Baca berita dengan sedikit iklan, klik di sini

Pendapat

Negara Baru, Republik Lama?

2 Juni 2002 | 00.00 WIB

Image of Tempo
Perbesar

Baca berita dengan sedikit iklan, klik di sini

Aboeprijadi Santoso
  • Wartawan, tengah bertugas di Dili

    Timor Loro Sa'e tak seperti yang tampak dalam perayaan kemerdekaan di tepi tiga danau, Tasi Tolu, 20 Mei lalu. Perayaan yang ditutup dengan gegap sinar kembang api yang menghias gelap di dini hari.

    Kenyataan politik tidak demikian. Dengan legitimasi yang terbentuk di tiga tingkat—referendum Agustus 1999, pemilu konstituante Agustus 2001, dan pemilu presiden April lalu—negara baru ini menjadi senyawa dari dua atau tiga jiwa di dalam satu tubuh politik.

    Referendum memberi legitimasi internasional bagi negara baru, Pemilu 2001 menghasilkan parlemen dan pemerintahan yang didominasi oleh Fretilin, dan pemilu presiden memilih Xanana Gusmão. Celakanya, Fretilin dan Xanana harus bekerja sama dengan bayang-bayang persimpangan jalan antarmereka di masa lalu dan kini.

    Fretilin (Frente Revolucionare de Timor Leste) lahir pada 1974 dari—sebutlah—"buku-pinter"-nya gerakan kiri ala Frelimo (Frente Revolucionare de Mozambique). Menurut teorinya, tak ada republik untuk rakyat kecuali yang memegang kendali mutlak atau, paling tidak, dominan.

    Fretilin 1975 dan Fretilin 2001—baik nominal maupun nyata—memenuhi kedua syarat itu. Tetapi semangat dan teori-teori Marxisme-Leninisme yang diimpor para mahasiswa eks-Portugal pada 1970-an kini tak laku lagi. Itu sebabnya, tahun lalu lahir isu "restoracao (pemugaran) RDTL (Republica Democratica de Timor Leste)"—alias "menghidupkan kembali" republik yang diproklamasikan Fretilin pada 28 November 1975, yang dihabisi ABRI setelah sembilan hari berdiri.

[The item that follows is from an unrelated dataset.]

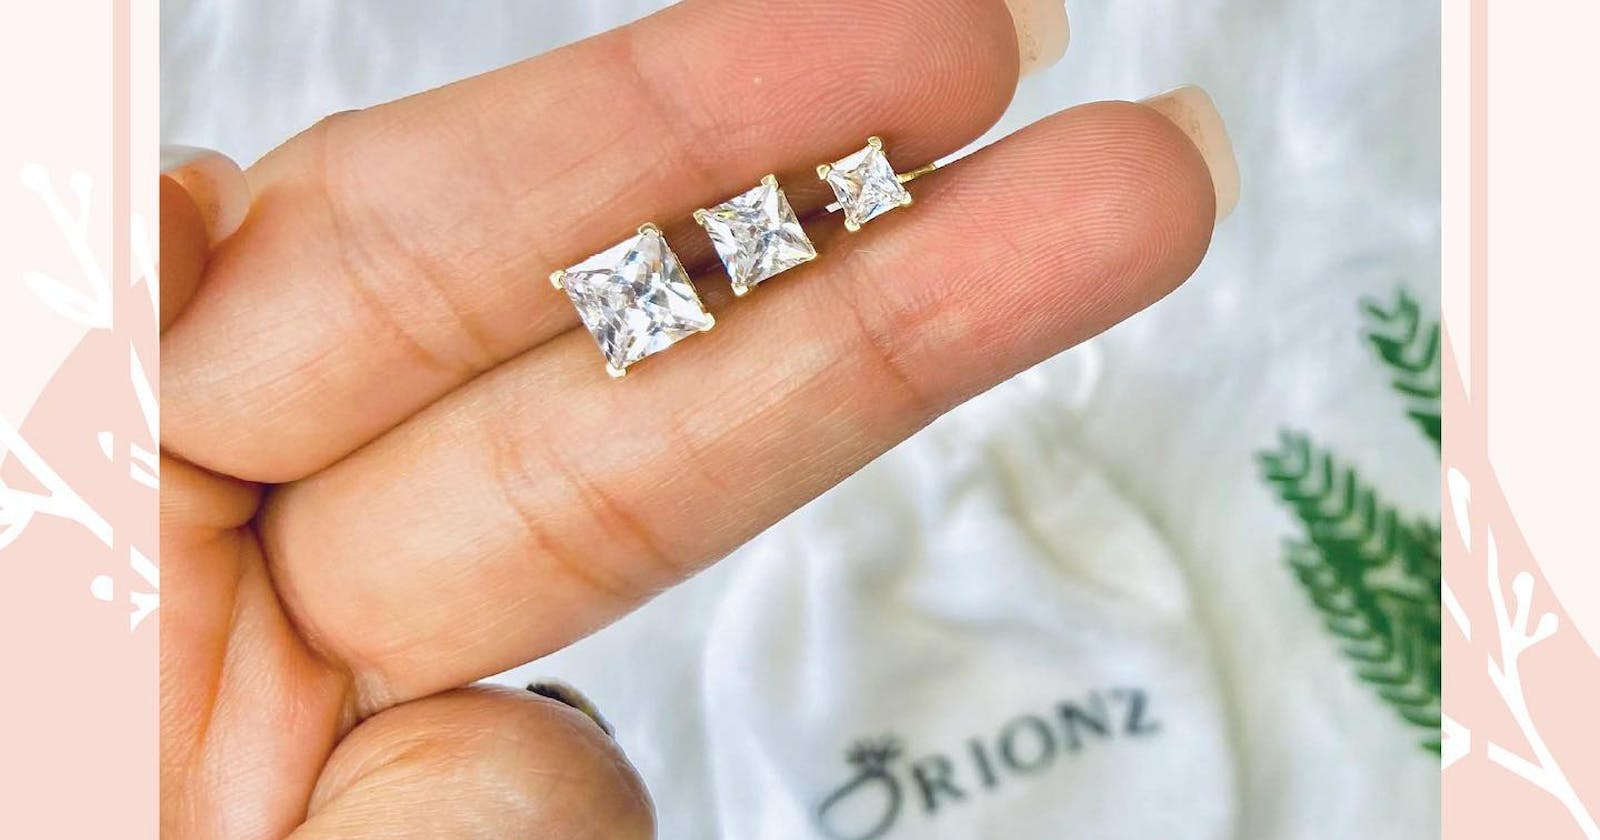 What Does Men’s Solitaire Diamond Earrings Say About You?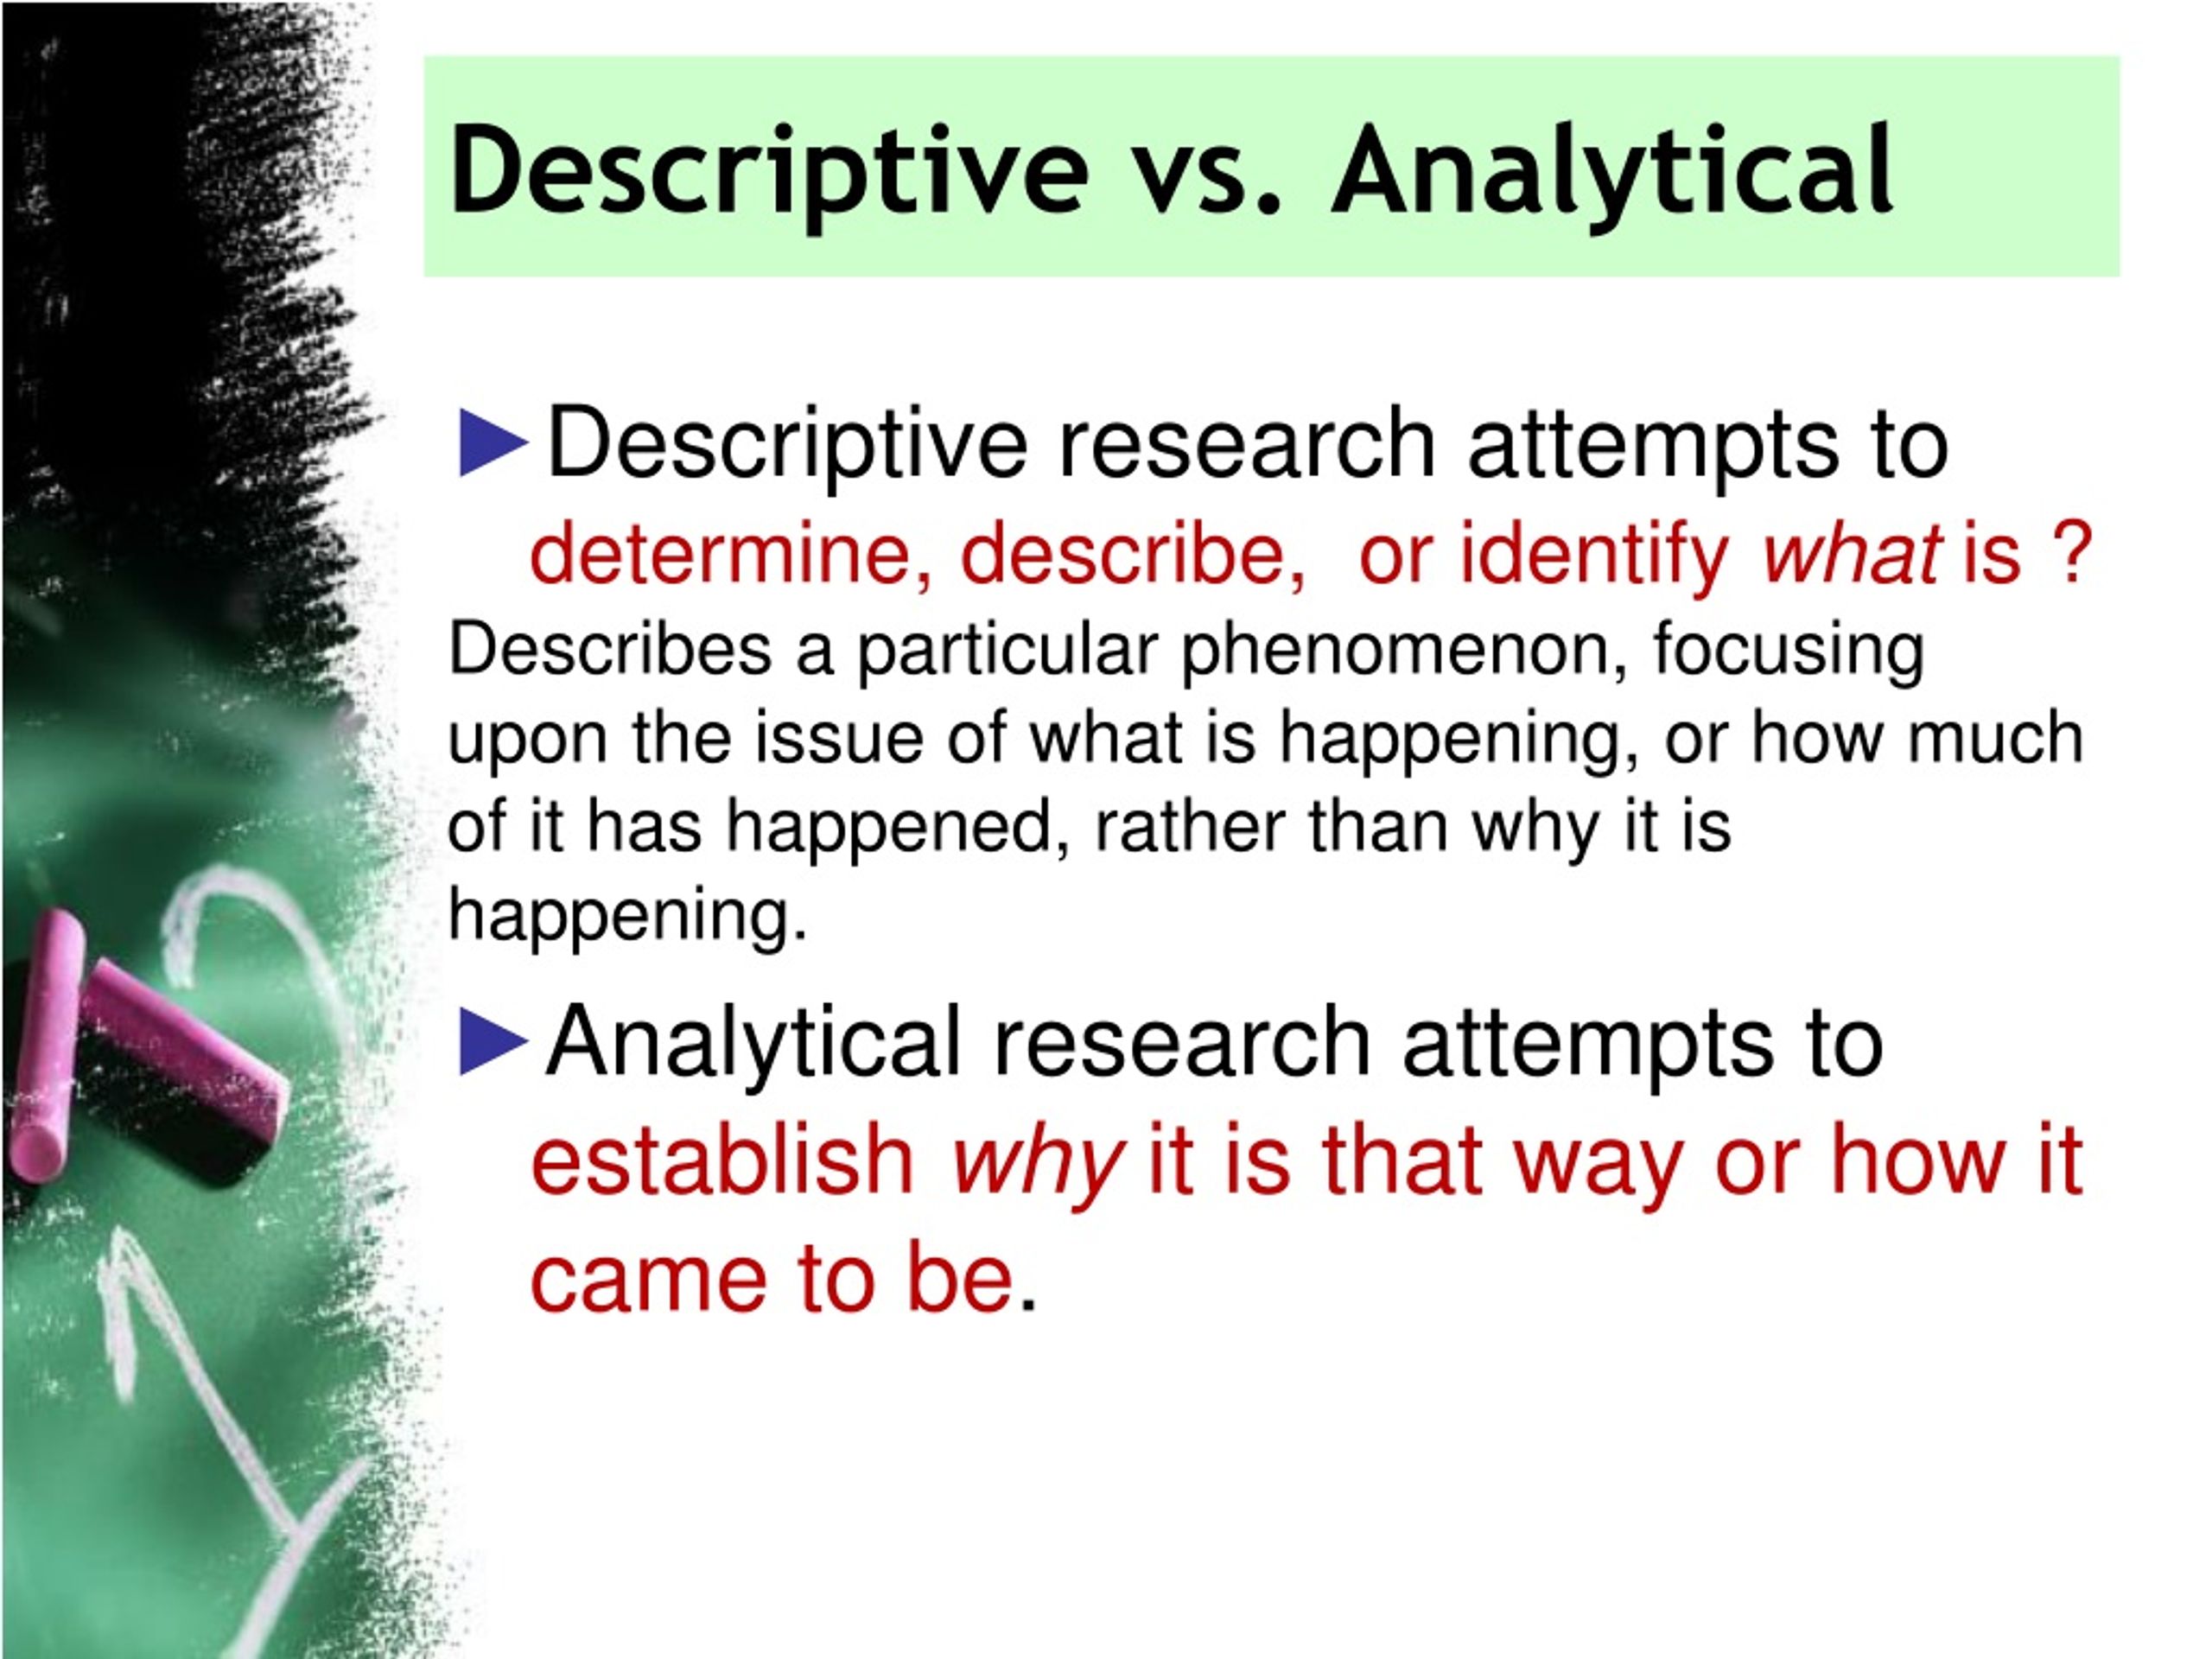 descriptive and analytical research

    Fretilin berkompromi soal tanggal kemerdekaan (bukan 28 November, melainkan 20 Mei), lagu kebangsaan (lagu baru digubah di Makau, bukan lagu Fretilin), tapi tetap menjaga bendera RDTL (merah, hitam, kuning, dengan segi tiga ganda dengan bintang) sebagai warisan keramat. Upacara Ahad lalu—diam-diam tapi resmi—disebut "pengakuan kemerdekaan". Artinya, dianggap sebagai pengakuan dunia terhadap RDTL 1975. Ketua Parlemen Lu Olo (Fretilin) mengatakan, pengakuan itu adalah bagian dari "restoracao RDTL". Jadi, dalam hal simbol dan atribut, negara baru ini setia pada republik lama.

    Masalahnya bukanlah apakah RDTL mau dipugar (sepenuhnya) atau tidak, melainkan apakah pemugaran itu, kalau dikehendaki parlemen, bisa berlangsung secara demokratis.

    "Kay Rala Xanana" naik jadi pemimpin di saat gawat pada 1981, ketika pucuk Fretilin dan separuh gerilya di-habisi ABRI dan sebagian rakyat terlunta-lunta bersama sisa gerilya di Gunung Matebian. Meski Xanana kala itu junior, atasannya, Antonio "Ma Huno" Gomes da Costa, tiba-tiba berdiri dan berseru, "Hormat kepada Commandante Xanana!" Dari situ, jadilah Xanana Panglima Falintil. Jadi, Xanana tak bersaham penting saat lahirnya RDTL.

    Bagi Xanana, restorasi RDTL tak relevan. Yang jadi soal: menjaga persatuan nasional. Ini pula yang dulu membuatnya bersimpang jalan dengan Fretilin.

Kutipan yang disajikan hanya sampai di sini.